A question that is frequently ask to by me is "who is the best to person to see for my back pain, an Alexander Technique teacher or an Osteopath?". The most straightforward answer is that if there is something you are doing to yourself, that is causing your problem, then the Alexander Technique is the better choice. If there is a "structural problem", or a recent injury then Osteopathy is a better first choice.
However, it is not always that straight forward. For instance someone may have a injury or structural problem requiring Osteopathic treatment. Due to this though, they may develop compensatory movement habits to get round the problem or pain. These movement habits may be continued when the original problem is gone. In time this can in itself start to cause problems. A common example is with back pain. Because the back is painful the person will "push with their arms on legs" to help themselves get up. When the pain is gone they may continue to do this. Another example is holding the back stiff and being scared to bend it. This is were the Alexander technique may help along side Osteopathic treatment.

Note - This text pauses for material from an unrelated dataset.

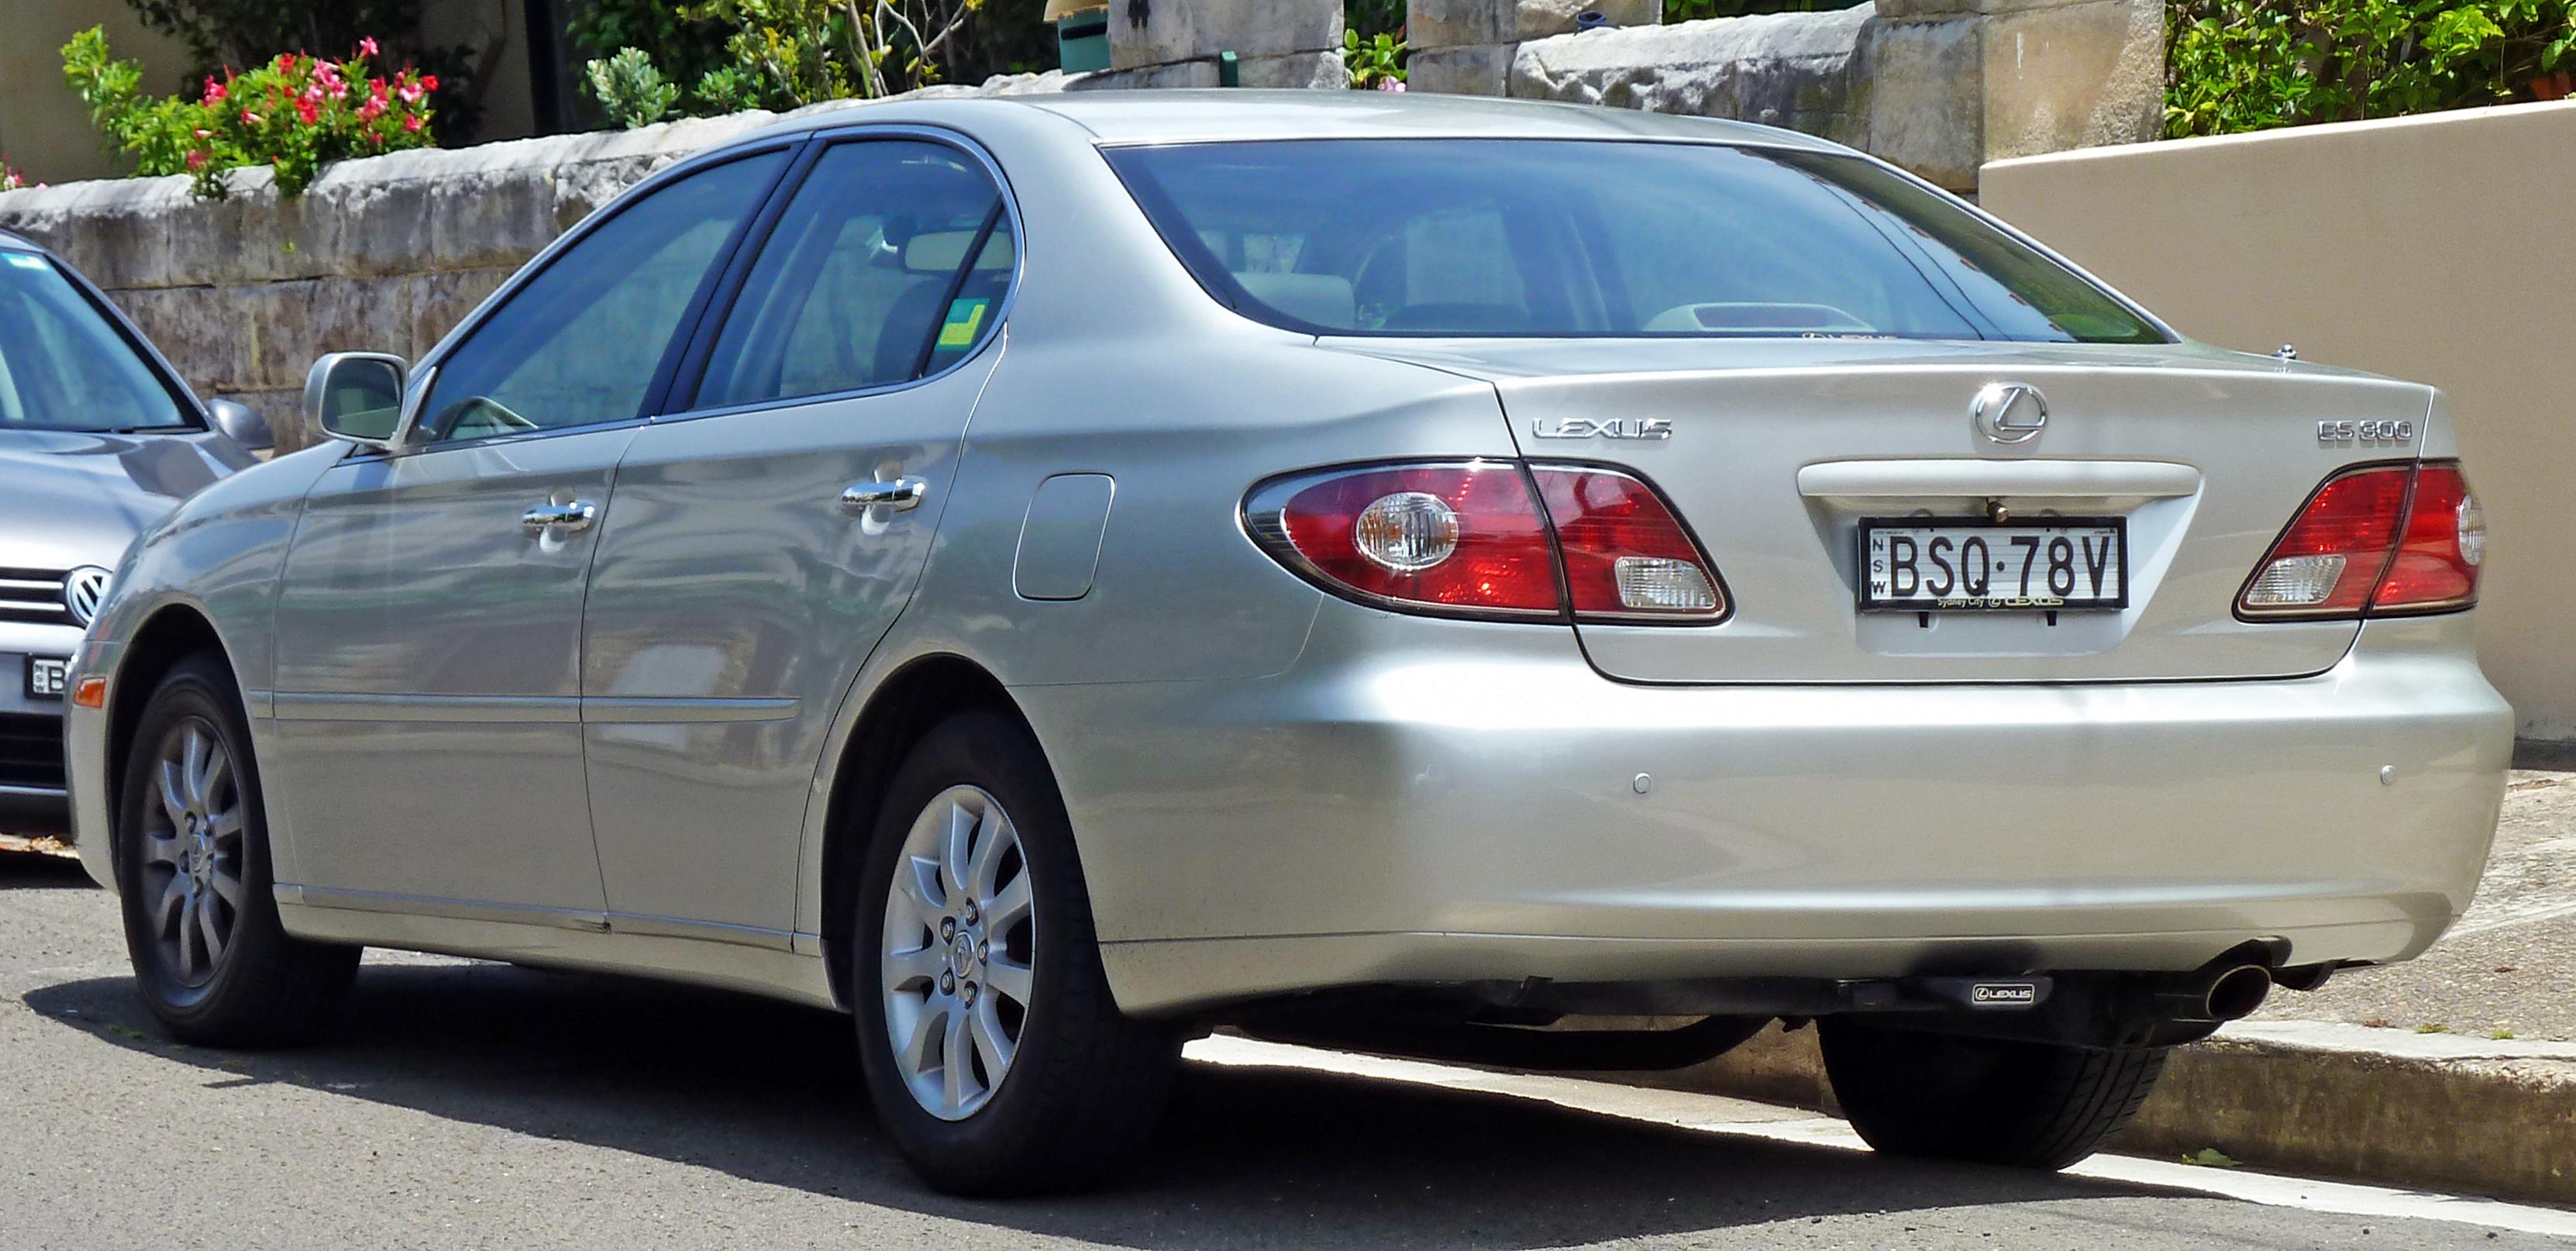 File 2003 Lexus ES 300 MCV30R sedan 2011 01 05 Wikimedia

Chronic or Acute Back pain
A chronic problem is one that been around a longer time (over 6 months) whereas a Acute is recent onset. Usually the Acute is more painful. If someone has an Acute back problem (they may be in muscle spasm) it is better to see an Osteopath at that stage. In chronic back pain the Alexander Technique come more into its own. With chronic back problems there is usually, in my experience a combination of structural (osteopathy) and functional (Alexander technique problems).
Car analogy - Structure and function
Sometimes a Car analogy is useful (the car is your body). The Alexander Technique will teach you how to teach yourself to improve your driving. If it is constantly driven "badly" damage will occur to parts. On the other hand, if say for example the tacking is out, it doesn,t matter how well you drive the tires will wear.
I have chosen the Alexander technique here as an example but the same principles apply to Pilates or the Feldenkrias method.